- Genre: Drama Science fiction
- Based on: Pottage Araret Gilead Captivity by Zenna Henderson
- Written by: James M. Miller
- Directed by: John Korty
- Starring: Kim Darby William Shatner Diane Varsi Laurie Walters Dan O'Herlihy
- Theme music composer: Carmine Coppola
- Country of origin: United States
- Original language: English

Production
- Executive producers: Francis Ford Coppola Charles W. Fries
- Producer: Gerald I. Isenberg
- Cinematography: Edward Rosson
- Editor: Patrick Kennedy
- Running time: 74 minutes
- Production companies: American Zoetrope Metromedia Producers Corporation

Original release
- Network: ABC
- Release: January 22, 1972

= The People (film) =

1972 television film

The People is a 1972 science fiction TV movie, broadcast as an ABC Movie of the Week on January 22, 1972. It is primarily based on "Pottage", a novella by Zenna Henderson, with elements of Henderson's stories "Araret", "Gilead" and "Captivity." It stars Kim Darby, William Shatner, Diane Varsi, Laurie Walters, and Dan O'Herlihy.
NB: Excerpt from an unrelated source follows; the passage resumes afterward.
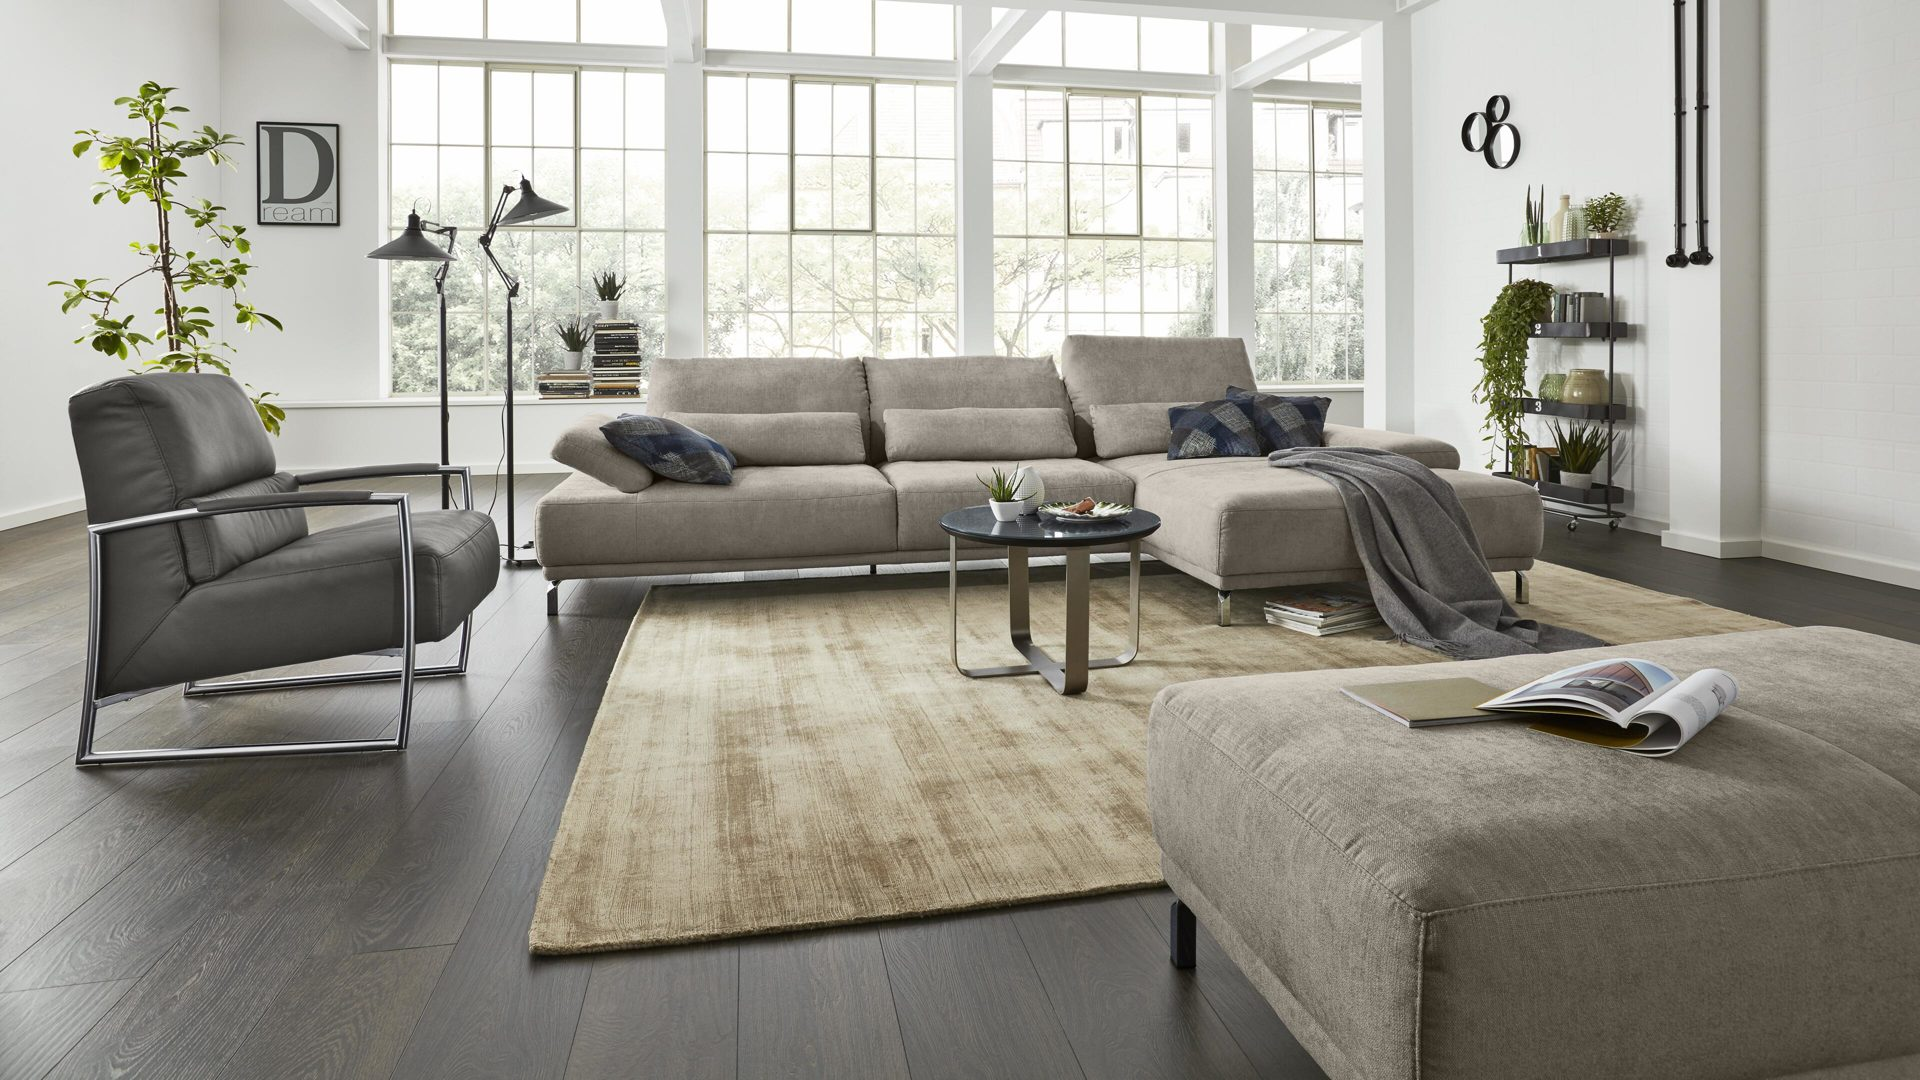 Interliving Sofa Serie 4150 Eckkombination Silberfarbener

Darby and Shatner had previously appeared together in the Star Trek episode "Miri."

==Plot summary==
Melodye Amerson is a young teacher who goes to a remote area to work with a group of individuals who have isolated themselves from civilization and maintained an independent community, vaguely similar to the Amish or a religious commune. Melodye is unnerved by the secretive behavior of her students, and the fact that all fun, games and activities she proposes are forbidden to them. Valancy, an elder in the community, advises Melodye to stay, because she senses that things are about to change in the valley, and Melodye herself is a part of that change.

Melodye soon discovers that the secluded and "backwards" residents are actually aliens with mild paranormal powers. A natural disaster destroyed their planet, and they are hoping to establish a life on Earth. Landing in the late 1800s, initially they shared their secret with local residents, but found themselves condemned as witches. Many were killed, and the survivors forbade their children ever to use their abilities, even with extreme discretion. Young adults like Valancy (and even some of the older people) have been pushing for an end to these restrictions.

==Cast==
- Kim Darby—Melodye Amerson
- William Shatner—Dr. Curtis
- Diane Varsi—Valancy Carmody
- Dan O'Herlihy—Sol Diemus
- Laurie Walters—Karen Diemus
- Johanna Baer—Bethie

==Production==
The children's illustrations in the film were done by Arthur Okamura.

The film was the first TV movie for John Korty, and was produced by his sometime partner Francis Ford Coppola, listed as the Executive Producer on the actual film, and scored by his father Carmine.

The Monster Times reported in November 1972 that a sequel was in the pipeline, Birds in the Wilderness; no such film appeared.

==Reception==
One history of science fiction reports that the film stood out in its time "for being neither shoddy nor sentimentalized."